(WORK REQUEST) In your reply, write out each entry exactly as given.

-- Opening Marker --

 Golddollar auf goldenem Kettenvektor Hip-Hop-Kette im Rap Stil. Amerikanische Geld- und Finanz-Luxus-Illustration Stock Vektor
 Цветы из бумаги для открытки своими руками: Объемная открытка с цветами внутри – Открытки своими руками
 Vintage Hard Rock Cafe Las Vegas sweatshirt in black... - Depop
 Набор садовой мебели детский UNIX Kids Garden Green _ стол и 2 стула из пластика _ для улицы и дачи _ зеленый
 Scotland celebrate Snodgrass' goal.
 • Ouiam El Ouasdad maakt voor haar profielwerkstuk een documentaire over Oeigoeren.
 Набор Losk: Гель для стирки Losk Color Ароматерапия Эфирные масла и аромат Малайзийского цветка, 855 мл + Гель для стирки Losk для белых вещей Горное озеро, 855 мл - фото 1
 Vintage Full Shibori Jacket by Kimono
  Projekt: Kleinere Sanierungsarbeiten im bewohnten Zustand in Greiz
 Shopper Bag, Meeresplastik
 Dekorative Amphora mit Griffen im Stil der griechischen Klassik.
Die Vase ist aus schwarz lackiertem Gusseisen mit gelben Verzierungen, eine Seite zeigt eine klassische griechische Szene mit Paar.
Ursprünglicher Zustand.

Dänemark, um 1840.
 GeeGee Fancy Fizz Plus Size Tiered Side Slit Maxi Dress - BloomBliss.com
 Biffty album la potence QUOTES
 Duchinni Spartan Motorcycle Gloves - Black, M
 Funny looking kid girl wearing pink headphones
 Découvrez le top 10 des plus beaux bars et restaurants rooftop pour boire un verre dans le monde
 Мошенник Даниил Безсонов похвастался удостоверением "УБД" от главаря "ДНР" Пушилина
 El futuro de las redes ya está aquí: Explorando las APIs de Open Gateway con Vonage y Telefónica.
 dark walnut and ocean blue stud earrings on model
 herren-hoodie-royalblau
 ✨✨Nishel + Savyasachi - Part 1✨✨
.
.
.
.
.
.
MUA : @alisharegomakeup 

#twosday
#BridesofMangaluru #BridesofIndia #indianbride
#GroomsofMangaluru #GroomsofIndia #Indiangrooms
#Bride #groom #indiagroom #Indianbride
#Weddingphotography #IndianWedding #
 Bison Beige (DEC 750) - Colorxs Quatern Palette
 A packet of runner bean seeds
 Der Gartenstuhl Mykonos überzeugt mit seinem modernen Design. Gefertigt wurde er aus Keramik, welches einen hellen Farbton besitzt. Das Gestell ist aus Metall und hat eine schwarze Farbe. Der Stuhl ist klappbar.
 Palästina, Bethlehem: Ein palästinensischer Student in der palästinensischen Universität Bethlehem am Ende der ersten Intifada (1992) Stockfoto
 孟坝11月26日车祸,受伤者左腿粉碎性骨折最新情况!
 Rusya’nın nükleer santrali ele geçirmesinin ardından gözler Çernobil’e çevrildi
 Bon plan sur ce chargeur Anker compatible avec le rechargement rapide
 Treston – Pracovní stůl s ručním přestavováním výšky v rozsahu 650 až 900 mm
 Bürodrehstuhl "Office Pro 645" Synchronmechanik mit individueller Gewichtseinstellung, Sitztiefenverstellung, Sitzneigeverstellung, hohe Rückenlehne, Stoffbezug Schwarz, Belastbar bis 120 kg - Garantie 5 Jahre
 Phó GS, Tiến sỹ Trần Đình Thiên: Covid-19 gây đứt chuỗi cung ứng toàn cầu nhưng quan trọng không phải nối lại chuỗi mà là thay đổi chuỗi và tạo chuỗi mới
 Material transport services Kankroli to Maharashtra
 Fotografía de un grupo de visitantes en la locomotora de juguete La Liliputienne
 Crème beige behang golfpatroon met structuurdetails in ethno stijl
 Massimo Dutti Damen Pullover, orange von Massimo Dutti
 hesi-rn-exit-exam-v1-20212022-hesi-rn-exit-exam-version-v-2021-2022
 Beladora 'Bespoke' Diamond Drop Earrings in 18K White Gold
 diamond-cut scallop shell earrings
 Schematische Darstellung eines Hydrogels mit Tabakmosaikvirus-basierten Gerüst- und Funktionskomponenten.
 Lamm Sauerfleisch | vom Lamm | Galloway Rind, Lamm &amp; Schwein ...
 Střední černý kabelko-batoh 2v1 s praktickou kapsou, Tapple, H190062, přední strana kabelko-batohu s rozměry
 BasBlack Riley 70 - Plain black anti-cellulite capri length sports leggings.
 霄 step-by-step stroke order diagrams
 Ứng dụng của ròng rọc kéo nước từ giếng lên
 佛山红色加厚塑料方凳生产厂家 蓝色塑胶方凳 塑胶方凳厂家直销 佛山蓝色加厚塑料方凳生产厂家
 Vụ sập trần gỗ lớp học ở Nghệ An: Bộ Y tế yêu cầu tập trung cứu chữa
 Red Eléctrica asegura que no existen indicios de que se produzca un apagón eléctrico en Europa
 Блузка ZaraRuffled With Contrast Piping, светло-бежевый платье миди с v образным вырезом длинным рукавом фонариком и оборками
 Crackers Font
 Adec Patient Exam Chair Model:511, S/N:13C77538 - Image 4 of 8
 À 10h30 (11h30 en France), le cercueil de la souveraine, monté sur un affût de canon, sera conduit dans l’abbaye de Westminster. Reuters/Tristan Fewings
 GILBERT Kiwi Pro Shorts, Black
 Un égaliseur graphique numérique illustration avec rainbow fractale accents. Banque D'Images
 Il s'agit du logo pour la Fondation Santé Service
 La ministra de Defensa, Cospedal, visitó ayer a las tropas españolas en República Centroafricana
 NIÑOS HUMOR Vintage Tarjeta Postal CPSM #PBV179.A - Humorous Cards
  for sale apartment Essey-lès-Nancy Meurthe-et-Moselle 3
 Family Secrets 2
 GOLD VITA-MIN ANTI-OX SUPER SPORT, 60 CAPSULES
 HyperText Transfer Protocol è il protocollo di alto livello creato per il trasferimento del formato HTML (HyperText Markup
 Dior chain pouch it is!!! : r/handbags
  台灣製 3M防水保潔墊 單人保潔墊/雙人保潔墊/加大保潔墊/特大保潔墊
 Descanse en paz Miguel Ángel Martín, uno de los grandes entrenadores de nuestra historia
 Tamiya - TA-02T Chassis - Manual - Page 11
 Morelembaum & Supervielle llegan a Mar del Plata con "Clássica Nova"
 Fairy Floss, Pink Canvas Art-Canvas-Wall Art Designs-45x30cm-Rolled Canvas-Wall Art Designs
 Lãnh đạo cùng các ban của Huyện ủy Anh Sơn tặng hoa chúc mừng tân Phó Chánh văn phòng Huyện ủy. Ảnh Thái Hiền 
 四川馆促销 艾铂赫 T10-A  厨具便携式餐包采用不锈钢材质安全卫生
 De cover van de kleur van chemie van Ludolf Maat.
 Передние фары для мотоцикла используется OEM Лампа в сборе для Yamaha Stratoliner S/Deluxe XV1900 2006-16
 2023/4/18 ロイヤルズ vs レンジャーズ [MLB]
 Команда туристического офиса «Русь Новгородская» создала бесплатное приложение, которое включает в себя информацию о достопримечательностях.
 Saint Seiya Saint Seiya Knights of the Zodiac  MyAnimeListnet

-- Closing Marker --

(OUTPUT BELOW)
 Golddollar auf goldenem Kettenvektor Hip-Hop-Kette im Rap Stil. Amerikanische Geld- und Finanz-Luxus-Illustration Stock Vektor
 Цветы из бумаги для открытки своими руками: Объемная открытка с цветами внутри – Открытки своими руками
 Vintage Hard Rock Cafe Las Vegas sweatshirt in black... - Depop
 Набор садовой мебели детский UNIX Kids Garden Green _ стол и 2 стула из пластика _ для улицы и дачи _ зеленый
 Scotland celebrate Snodgrass' goal.
 • Ouiam El Ouasdad maakt voor haar profielwerkstuk een documentaire over Oeigoeren.
 Набор Losk: Гель для стирки Losk Color Ароматерапия Эфирные масла и аромат Малайзийского цветка, 855 мл + Гель для стирки Losk для белых вещей Горное озеро, 855 мл - фото 1
 Vintage Full Shibori Jacket by Kimono
  Projekt: Kleinere Sanierungsarbeiten im bewohnten Zustand in Greiz
 Shopper Bag, Meeresplastik
 Dekorative Amphora mit Griffen im Stil der griechischen Klassik.
Die Vase ist aus schwarz lackiertem Gusseisen mit gelben Verzierungen, eine Seite zeigt eine klassische griechische Szene mit Paar.
Ursprünglicher Zustand.

Dänemark, um 1840.
 GeeGee Fancy Fizz Plus Size Tiered Side Slit Maxi Dress - BloomBliss.com
 Biffty album la potence QUOTES
 Duchinni Spartan Motorcycle Gloves - Black, M
 Funny looking kid girl wearing pink headphones
 Découvrez le top 10 des plus beaux bars et restaurants rooftop pour boire un verre dans le monde
 Мошенник Даниил Безсонов похвастался удостоверением "УБД" от главаря "ДНР" Пушилина
 El futuro de las redes ya está aquí: Explorando las APIs de Open Gateway con Vonage y Telefónica.
 dark walnut and ocean blue stud earrings on model
 herren-hoodie-royalblau
 ✨✨Nishel + Savyasachi - Part 1✨✨
.
.
.
.
.
.
MUA : @alisharegomakeup 

#twosday
#BridesofMangaluru #BridesofIndia #indianbride
#GroomsofMangaluru #GroomsofIndia #Indiangrooms
#Bride #groom #indiagroom #Indianbride
#Weddingphotography #IndianWedding #
 Bison Beige (DEC 750) - Colorxs Quatern Palette
 A packet of runner bean seeds
 Der Gartenstuhl Mykonos überzeugt mit seinem modernen Design. Gefertigt wurde er aus Keramik, welches einen hellen Farbton besitzt. Das Gestell ist aus Metall und hat eine schwarze Farbe. Der Stuhl ist klappbar.
 Palästina, Bethlehem: Ein palästinensischer Student in der palästinensischen Universität Bethlehem am Ende der ersten Intifada (1992) Stockfoto
 孟坝11月26日车祸,受伤者左腿粉碎性骨折最新情况!
 Rusya’nın nükleer santrali ele geçirmesinin ardından gözler Çernobil’e çevrildi
 Bon plan sur ce chargeur Anker compatible avec le rechargement rapide
 Treston – Pracovní stůl s ručním přestavováním výšky v rozsahu 650 až 900 mm
 Bürodrehstuhl "Office Pro 645" Synchronmechanik mit individueller Gewichtseinstellung, Sitztiefenverstellung, Sitzneigeverstellung, hohe Rückenlehne, Stoffbezug Schwarz, Belastbar bis 120 kg - Garantie 5 Jahre
 Phó GS, Tiến sỹ Trần Đình Thiên: Covid-19 gây đứt chuỗi cung ứng toàn cầu nhưng quan trọng không phải nối lại chuỗi mà là thay đổi chuỗi và tạo chuỗi mới
 Material transport services Kankroli to Maharashtra
 Fotografía de un grupo de visitantes en la locomotora de juguete La Liliputienne
 Crème beige behang golfpatroon met structuurdetails in ethno stijl
 Massimo Dutti Damen Pullover, orange von Massimo Dutti
 hesi-rn-exit-exam-v1-20212022-hesi-rn-exit-exam-version-v-2021-2022
 Beladora 'Bespoke' Diamond Drop Earrings in 18K White Gold
 diamond-cut scallop shell earrings
 Schematische Darstellung eines Hydrogels mit Tabakmosaikvirus-basierten Gerüst- und Funktionskomponenten.
 Lamm Sauerfleisch | vom Lamm | Galloway Rind, Lamm &amp; Schwein ...
 Střední černý kabelko-batoh 2v1 s praktickou kapsou, Tapple, H190062, přední strana kabelko-batohu s rozměry
 BasBlack Riley 70 - Plain black anti-cellulite capri length sports leggings.
 霄 step-by-step stroke order diagrams
 Ứng dụng của ròng rọc kéo nước từ giếng lên
 佛山红色加厚塑料方凳生产厂家 蓝色塑胶方凳 塑胶方凳厂家直销 佛山蓝色加厚塑料方凳生产厂家
 Vụ sập trần gỗ lớp học ở Nghệ An: Bộ Y tế yêu cầu tập trung cứu chữa
 Red Eléctrica asegura que no existen indicios de que se produzca un apagón eléctrico en Europa
 Блузка ZaraRuffled With Contrast Piping, светло-бежевый платье миди с v образным вырезом длинным рукавом фонариком и оборками
 Crackers Font
 Adec Patient Exam Chair Model:511, S/N:13C77538 - Image 4 of 8
 À 10h30 (11h30 en France), le cercueil de la souveraine, monté sur un affût de canon, sera conduit dans l’abbaye de Westminster. Reuters/Tristan Fewings
 GILBERT Kiwi Pro Shorts, Black
 Un égaliseur graphique numérique illustration avec rainbow fractale accents. Banque D'Images
 Il s'agit du logo pour la Fondation Santé Service
 La ministra de Defensa, Cospedal, visitó ayer a las tropas españolas en República Centroafricana
 NIÑOS HUMOR Vintage Tarjeta Postal CPSM #PBV179.A - Humorous Cards
  for sale apartment Essey-lès-Nancy Meurthe-et-Moselle 3
 Family Secrets 2
 GOLD VITA-MIN ANTI-OX SUPER SPORT, 60 CAPSULES
 HyperText Transfer Protocol è il protocollo di alto livello creato per il trasferimento del formato HTML (HyperText Markup
 Dior chain pouch it is!!! : r/handbags
  台灣製 3M防水保潔墊 單人保潔墊/雙人保潔墊/加大保潔墊/特大保潔墊
 Descanse en paz Miguel Ángel Martín, uno de los grandes entrenadores de nuestra historia
 Tamiya - TA-02T Chassis - Manual - Page 11
 Morelembaum & Supervielle llegan a Mar del Plata con "Clássica Nova"
 Fairy Floss, Pink Canvas Art-Canvas-Wall Art Designs-45x30cm-Rolled Canvas-Wall Art Designs
 Lãnh đạo cùng các ban của Huyện ủy Anh Sơn tặng hoa chúc mừng tân Phó Chánh văn phòng Huyện ủy. Ảnh Thái Hiền 
 四川馆促销 艾铂赫 T10-A  厨具便携式餐包采用不锈钢材质安全卫生
 De cover van de kleur van chemie van Ludolf Maat.
 Передние фары для мотоцикла используется OEM Лампа в сборе для Yamaha Stratoliner S/Deluxe XV1900 2006-16
 2023/4/18 ロイヤルズ vs レンジャーズ [MLB]
 Команда туристического офиса «Русь Новгородская» создала бесплатное приложение, которое включает в себя информацию о достопримечательностях.
 Saint Seiya Saint Seiya Knights of the Zodiac  MyAnimeListnet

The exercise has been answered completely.